Again, I checked when they reported that issue in the other thread. The Spanish listings on USA and TruTV were NOT coming from Gracenote's feed for those channels. The same when INSP was showing the listings for Inspiration TV, I checked the feed that night and every update Gracenote pushed earlier that day, their listings for INSP were just fine, at no point did Gracenote replace INSP's listings with Inspiration TV's listings that day.

Gracenote does provide programs in other languages like Spanish, French, Italian, German, and others but they all have different SeriesIDs and ProgramIDs from the English ones, which are not associated with the StationIDs for USA and TruTV.
For example Miss Congeniality:
The English ProgramID is: MV001011320000
The Spanish ProgramID is: MV001074700000
It's kind of complicated to explain in depth, but the way Gracenote's data is structured each StationID has a schedule that points to a specifc ProgramID for the episode or movie airing in that timeslot. In order for Dish to get the Spanish descriptions to appear they would have had to manually modify the data after Gracenote sent it to them and replace the English ProgramID for those timeslots with the Spanish ProgramID. So yes, it's possible that Dish didn't enter the Spanish descriptions, but they would have had to do something to alter the data to get the Spanish descriptions to appear on channels like USA and TruTV.



James Long said:


> Trying to figure out a problem in a data feed when the data is no longer available is difficult.


As I mentioned before in other threads, I deal with listings on a regular basis, so for me this isn't difficult at all. I have direct access to Gracenote's feed to check these things. If you or any others spot any more "weirdness" continue to post the date and time you saw it and I'll check for you.


----------



## Michael P (Oct 27, 2004)

I saved the "Big Bang" episode and it showed up in my older Big Bang Theory folder at the bottom of season 5 with no episode number instead of with the rest of the current season's shows. 

It appears that "Big Bang" was placed in the spot where the season and episode number should have gone. The listing did have a correct description of the episode, in this case it was the seasons and episode numbers that were botched.


----------



## Michael P (Oct 27, 2004)

Does anybody know if Dish has the ability to alter the EPG listings after receiving it from Gracenote/Tribune? Some of the things I have been seeing appear to be embellishments by a third party (i.e. not from the originating network or channel). Here is an example: On EWTN at 9:30 PM nightly they show Mother Angelica and the Nuns saying The Holy Rosary. There are 4 unique episodes that rotate depending on the day of the week and the liturgical season. Fortunately I have all 4 in my DVR, but I frequently watch "live" from the EWTN broadcast. Someone changed both the description and on some days of the week the actual program name! "Icons Spotlight" is a bogus name that appears on Thursday and Friday. As for the program description, the correct description includes the 4 episode numbers followed by the mysteries (Joyful, Sorrowful, Glorious and Luminous). The description was changed to "Teaching and preaching the word of God". 

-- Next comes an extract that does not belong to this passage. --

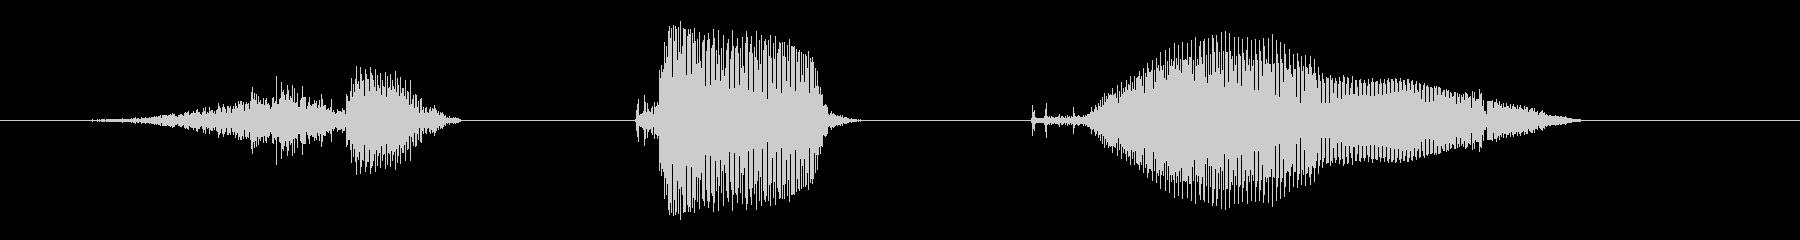 すてき!1【ロリキャラの褒めボイス】の未再生の波形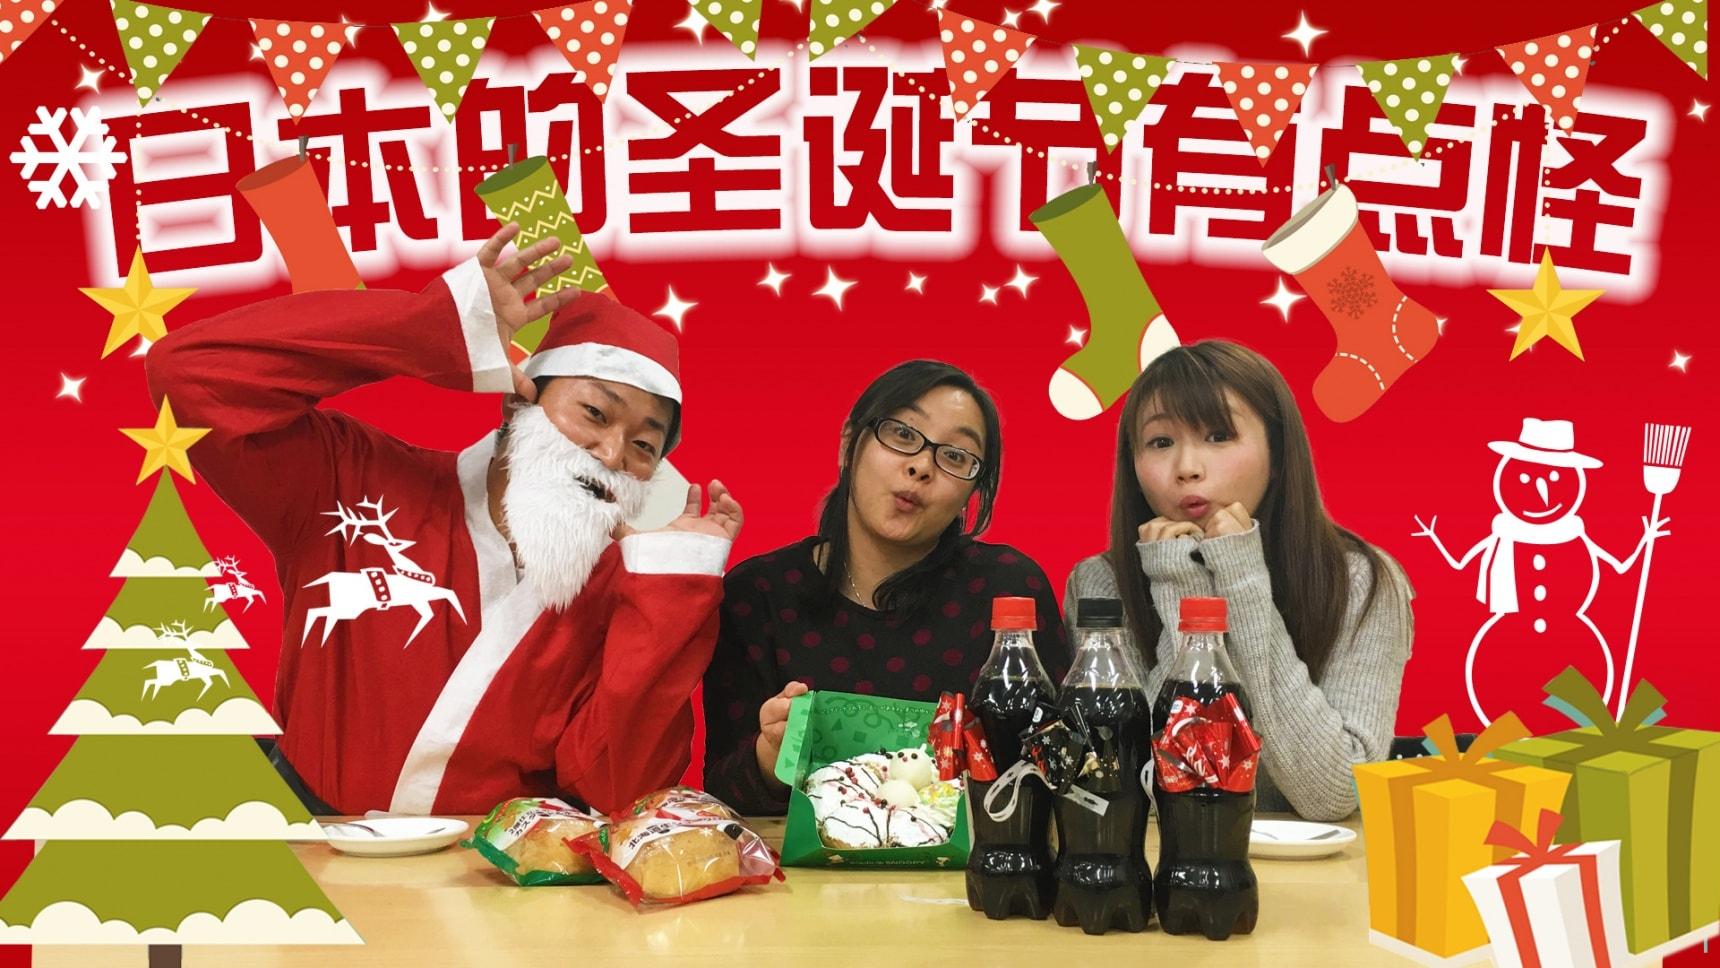 日本的圣诞节有点怪!?

This is why I feel this is being done by a rouge employee.


----------



## James Long (Apr 17, 2003)

zap2it The Holy Rosary With Mother Angelica

It is strange ... tonight (on my Hopper) has the right program but no episode or description. Beyond tonight I am seeing Icons Spotlight in the EPG.

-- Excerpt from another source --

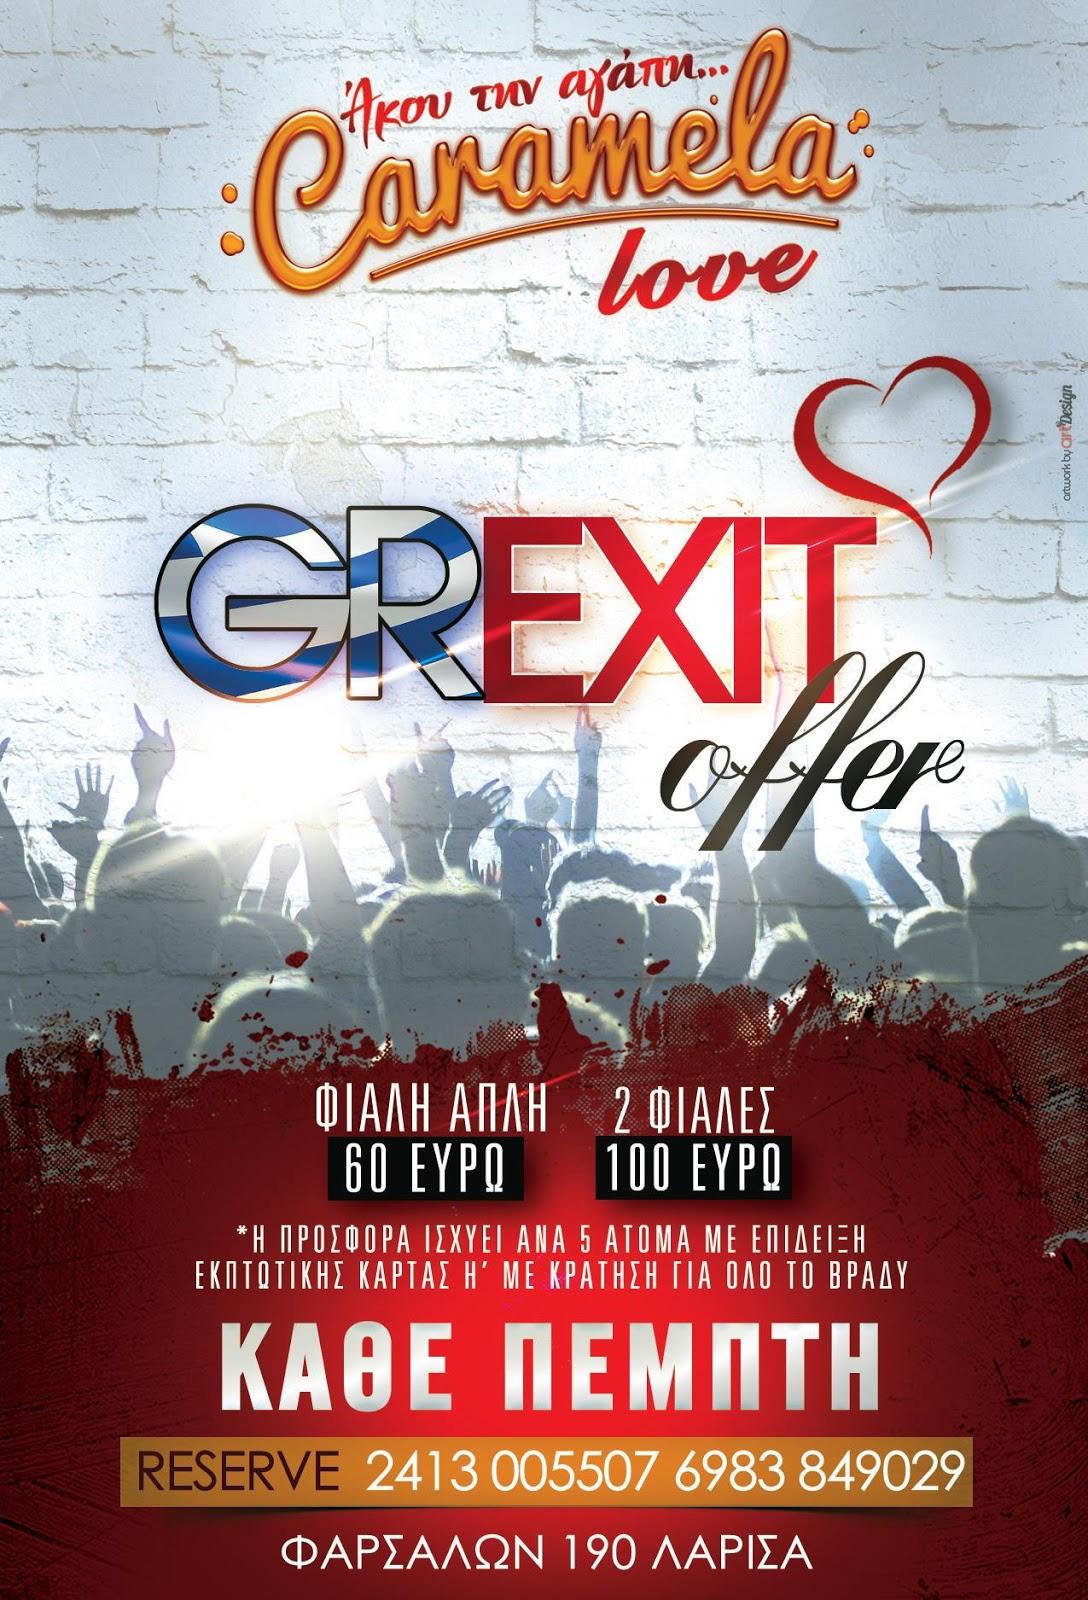 GREXIT offer Nights τις Πέμπτες στο Caramela Love!

I cannot find a program called "Icons Spotlight" on zap2it.


----------



## Stewart Vernon (Jan 7, 2005)

For a few days last week I was seeing "USA Programming" whenever the show "Colony" was supposed to be airing on USA. That was weird.


----------



## Stewart Vernon (Jan 7, 2005)

_Merged three different threads here that were basically discussing the same problem._


----------



## Nashcat (Dec 17, 2003)

Starting this week Fox News has an ongoing problem with the weeknight schedule. "The First 100 Days" airs in the 6pm CST hour, but the guide shows "Tucker Carlson Tonight" then. What makes this example extra weird is that Tucker Carlson's show actually airs in the 8pm CST hour where the guide shows "The Kelly File," which, of course, doesn't exist anymore because Megyn Kelly hasn't been on that network in many weeks. No other available online program guides show this error. Dish rep said they just put up what they're given. FNC rep said that's not what they put out. Tribune's probably asleep at the switch.


----------



## KyL416 (Nov 11, 2005)

Nashcat said:


> Tribune's probably asleep at the switch.


Read my earlier posts. This issue isn't on Tribune/Gracenote's end of things, you can see their listings for Fox News Channel here:
FNC - Fox News Channel

If what Dish has doesn't match that, they're doing something to modify the data after Tribune/Gracenote sends it to them.


----------



## Nashcat (Dec 17, 2003)

Yeah, I see what you mean. I missed the gist of what you were saying the first time I skimmed thru. Thanks.


----------



## crodrules (Nov 21, 2016)

Stewart Vernon said:


> For a few days last week I was seeing "USA Programming" whenever the show "Colony" was supposed to be airing on USA. That was weird.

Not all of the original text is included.